Statistiques manipulées

Xavier Frison  • 24 juillet 2008 abonné·es

L’annonce des expulsions d’étrangers en 2008 par le ministre de l’Immigration et de l’Identité nationale « témoigne d’un affichage politique dont la réalité est très discutable », estime le collectif national Romeurope. Les retours dits « volontaires », dont la part aurait quadruplé en un an, sont particulièrement visés par les associations du collectif. Selon Romeurope, sur les cinq premiers mois de 2008, plus de 6 000 personnes (soit 40 % des 14 660 reconduites) sont parties dans le cadre de l’aide au retour humanitaire. Parmi celles-ci se trouvent de nombreux Roumains et Bulgares, deux nationalités qui constituaient déjà un quart des éloignements en 2006, avant l’entrée de ces personnes dans l’Union européenne. « Or, on sait qu’il s’agit essentiellement de Roms, dont le dénuement auquel ils se trouvent acculés sert de prétexte pour évacuer les lieux de vie, dans le cadre d’opérations de retour organisées de façon conjointe par la police et l’Agence nationale de l’accueil des étrangers et des migrations », s’indigne le collectif.

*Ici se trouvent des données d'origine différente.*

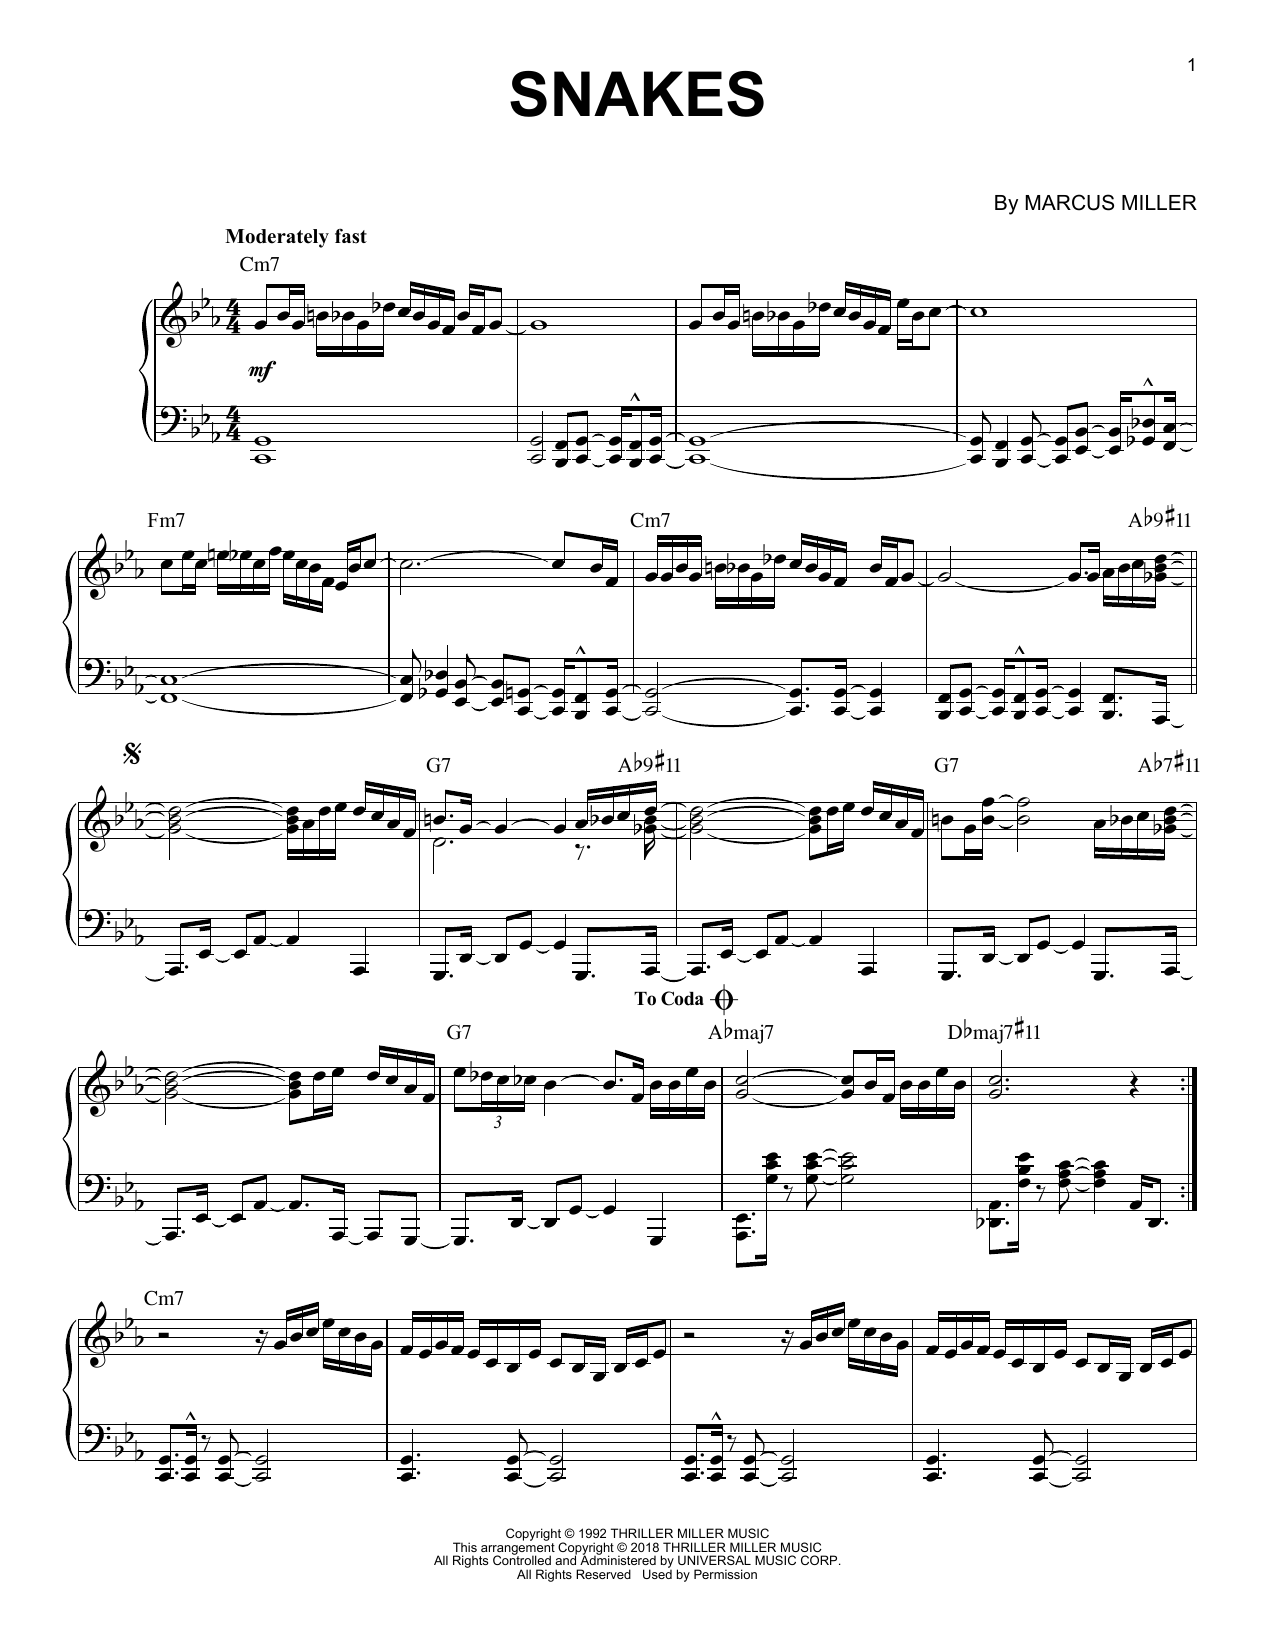 David Sanborn Snakes sheet music notes and chords. Download Printable PDF.

Dans la plupart des cas, les demandes d’aide au retour humanitaire « sont obtenues sous la contrainte et ne résultent pas d’un réel projet de retour », estime encore Romeurope, avant de développer les conditions dans lesquelles ces demandes sont signées : contexte de panique délibérément occasionné, menace de prison, absence d’interprète, pas de rétractation possible après confiscation des papiers d’identité et éloignement des observateurs extérieurs. Pour Romeurope, « ces opérations de retour contredisent ce que laisse entendre l’appellation d’“humanitaire” ». Sans parler des sommes distribuées qui, en l’absence d’accompagnement effectif dans le pays d’origine, « n’ont d’autre effet que de susciter de rapides allers-retours […], parfois dans le seul but de bénéficier de ces aides ». Qu’importe, ­
in fine, puisque « même si le nombre des Roms migrants en France est globalement constant, ces reconduites et retours volontaires font s’envoler les statistiques ». Pour Brice Hortefeux, c’est sans doute là l’essentiel.